The digitalisation of microenterprise has made small businesses more efficient, increased sales and improved access to finance. The proliferation of platforms providing supply chain and financing for retail microenterprise has been partly driven by significant VC funding — Briter Intelligence reports that over $470 million was raised by 28 African business-to-business commerce startups between 2009 and 2022. But in recent months we’ve seen the expansion of such models beyond retail, as platforms are building the infrastructure for microentrepreneurs to thrive in a range of verticals. To take just one example, one of the Jobtech Alliance’s accelerator startups, Fitted, is an AI-enabled platform that allows fashion customers, tailors and fabric sellers to collaborate to produce exceptional quality outfits on time. It is currently building a digital platform which enables tailors in Nigeria — who typically operate entirely via pen and paper (and sewing machine) — to operate online, doing customer management and even measurements (through augmented reality), while obtaining supply chain support and access to finance.

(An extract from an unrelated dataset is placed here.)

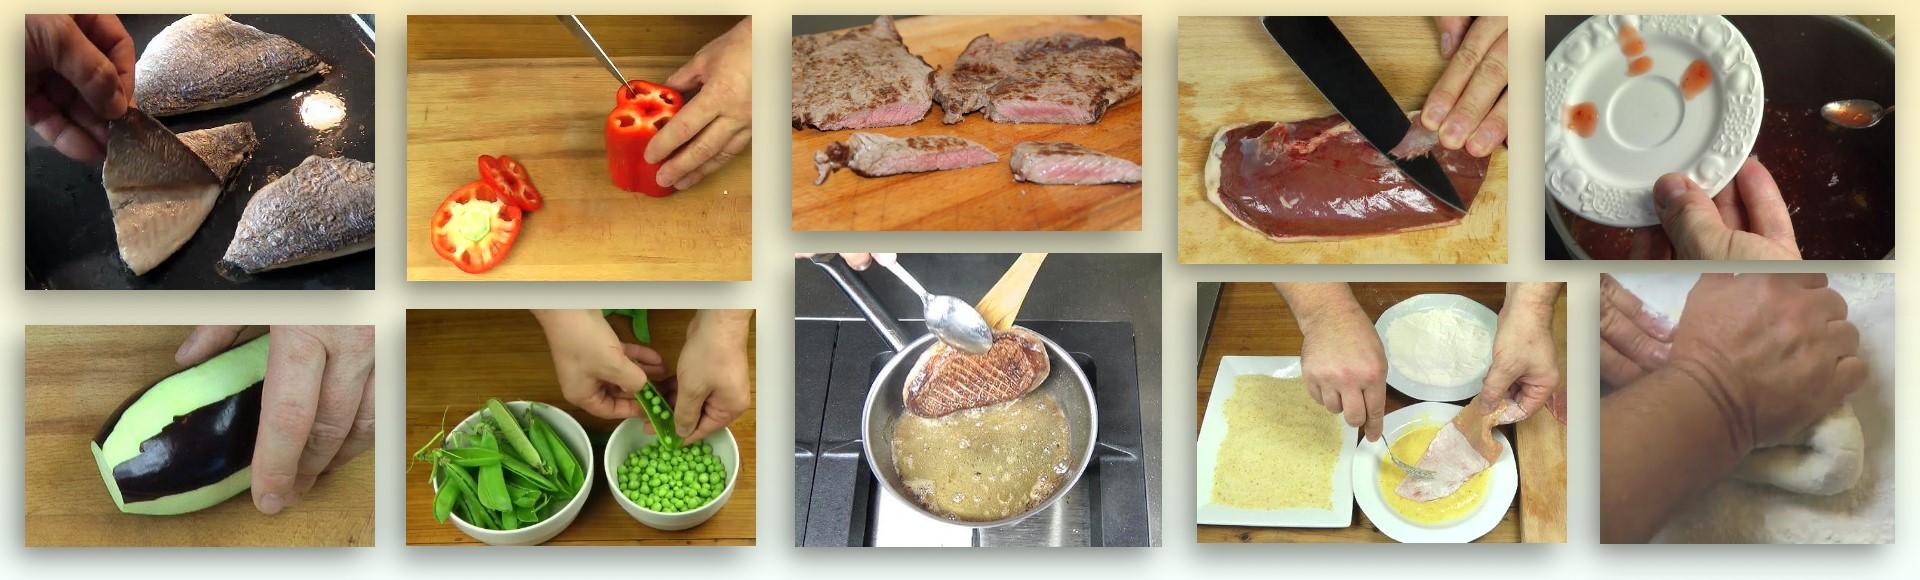 Die online-Kochschule

While many of the platforms mentioned above are constrained by the limited local purchasing power in Africa, another exciting trend we’ve noted is the opening of the world’s jobs to African workers. Accelerated in part by the COVID-19 pandemic, platforms for digitally-delivered work have grown massively over the past few years (see Landscape Scan II – Platforms for Digitally-Delivered Work). These platforms can connect workers to service buyers across African borders and beyond — including in lucrative markets in Europe, North America and other developed countries. Global platforms tend to dominate the freelancing space, and quality control and skills gaps continue to be challenging, but we’re particularly excited by the gradual emergence of Africa’s global business services sector (traditionally called business process outsourcing). These businesses manage projects or contracts (largely for other businesses) delivered by multiple skilled or semi-skilled workers, working in areas such as call centre sales or customer care. Because they are more hands-on and work with larger contracts, these businesses can afford to build skills among their workers. While the sector traditionally has been dominated by large players, we also see an emerging trend in which smaller providers satisfy specific niches ranging from sales lead generation to customer success.

Tana is one such platform: a participant in our accelerator, it is a tech-enabled marketplace that connects global companies to vetted and trained remote team members on the African continent. To address the key questions about supply and demand within the global businesses sector, we’re helping them to explore which segments of employment are best suited to take on African talent, and to determine which types of lower-skilled tech roles are best suited for remote hiring. Answering these questions for Tana (and other such companies) will help connect Africa’s ample supply of educated youth with the growing global demand for the services they can provide. The big question that we will be following keenly over the next year is whether the emergence of generative artificial intelligence will limit that anticipated flow of lower-level digital work to Africa. Evidence suggests that this may already be happening, but new opportunities are likely to emerge.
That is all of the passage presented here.